Really Right Stuff updated their Versa series of ‘systematic’ tripods a few years ago, with improved materials, ergonomics, and the addition of some requested features like sealed leg locks, threaded accessory ports, and a permanent weight hook on the flat platform. This updated lineup includes Versa tripods with three or four section legs, in ‘regular’ and ‘long’ versions for extra height, and extends to the smaller ‘Series 2’ tripods, and upwards to larger ‘Series 4.’ With these series names for each size, RRS is borrowing a Gitzo nomenclature, but there are significant differences as we shall see.

In the RRS tripod catalog, the same legs found on the Series 3 Versa TVC-34 can be ordered on the compact apex of their ‘Ultralight’ series, which forgoes the modular apex and insertable extras for a slimmer and lighter package. The Ultralight range includes Series 1 and 2 leg widths, as well as the Series 3 being reviewed here. The two different apex styles are also available by themselves, allowing existing owners of Versa Series 2 or 3 tripods to swap their legs onto a minimized apex, or Ultralight owners of the same size to trade up to a modular apex.

RRS TVC-34 ‘Versa’ on the left, and TFC-34 ‘Ultralight’ on the right. The leg tubes are the same.
(Image provided by Really Right Stuff)

Compared to others

This tripod was tested and compared with its modular apex peers. Left to right; ProMediaGear TR344, Really Right Stuff TVC-34, Sirui SR-3204, FLM CP34-L4 II, Leofoto LM-364C, Gitzo GT3543LS.
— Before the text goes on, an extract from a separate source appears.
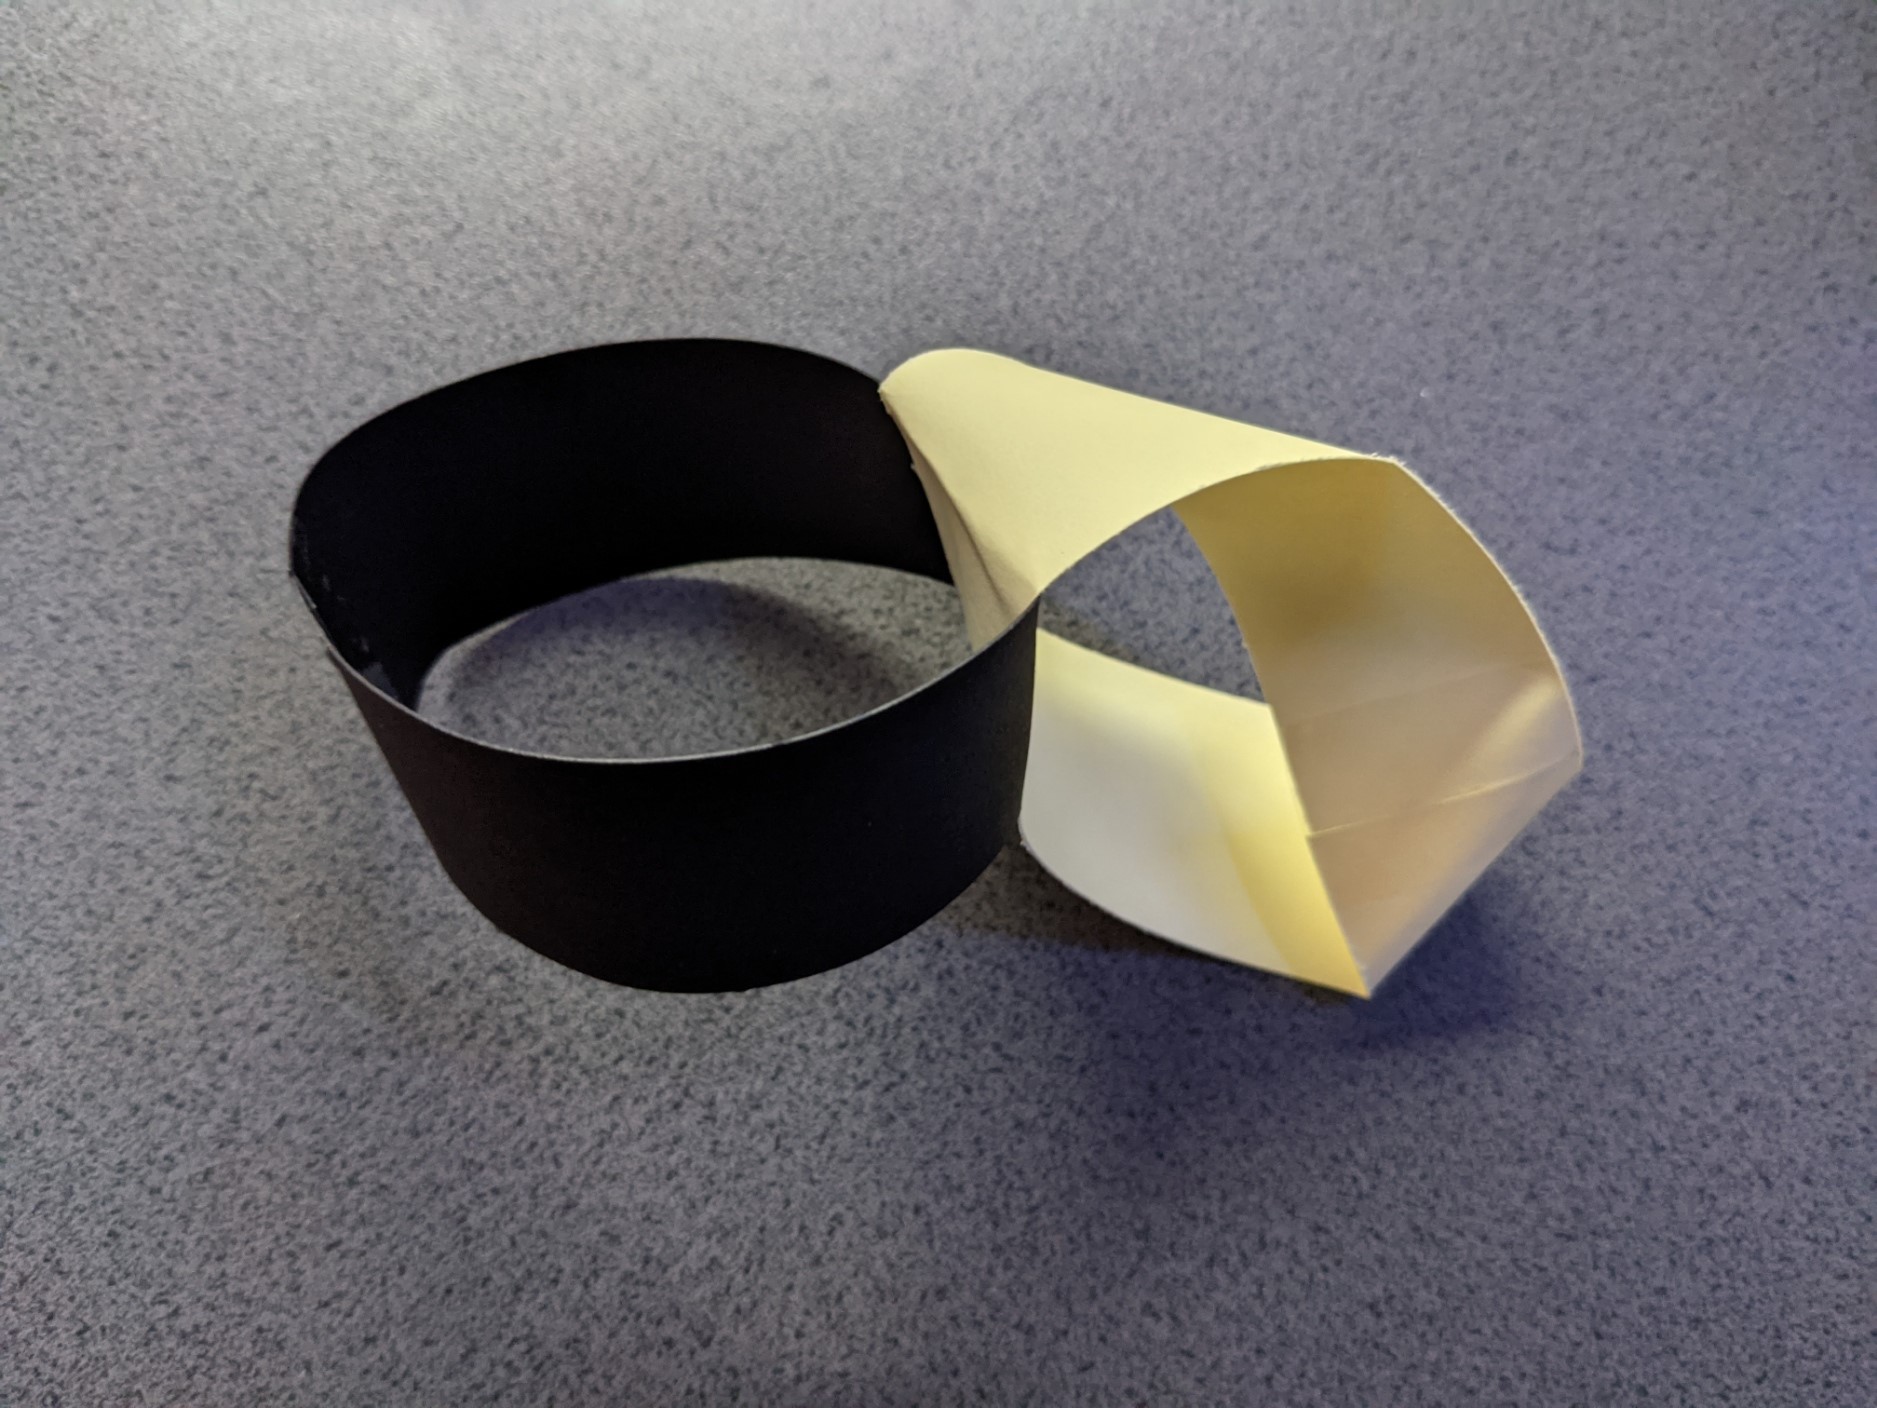 Connected loop and Möbius Strip

The RRS TVC-34 was tested and compared alongside tripods in the same class of ‘Series 3′ (33-36mm top leg tube diameter) “Systematic’ (modular apex with removable platform) type, in terms of size and utility, including products from Gitzo, ProMediaGear, SIrui, Leofoto and FLM.

All of these tripods were used in four seasons of sand, snow, mud, rain, and salt water; set up in the bog-like Atlantic salt marshes and the wind-swept Appalachian mountains. They have been loaded with gimbal heads, ball heads, geared and pano-heads, and up to 4kg (8.8lb) lenses attached to cameras ranging from APS-C to medium-format, shooting anything from long-exposure landscapes to extreme telephoto birds-in-flight. The only test they did not go through was being rough-handled at the airport, thanks to pandemic travel restrictions.

Height comparison

Below is a relative height comparison between the Really Right Stuff TVC-34 and a 6 foot (1.83m) photographer.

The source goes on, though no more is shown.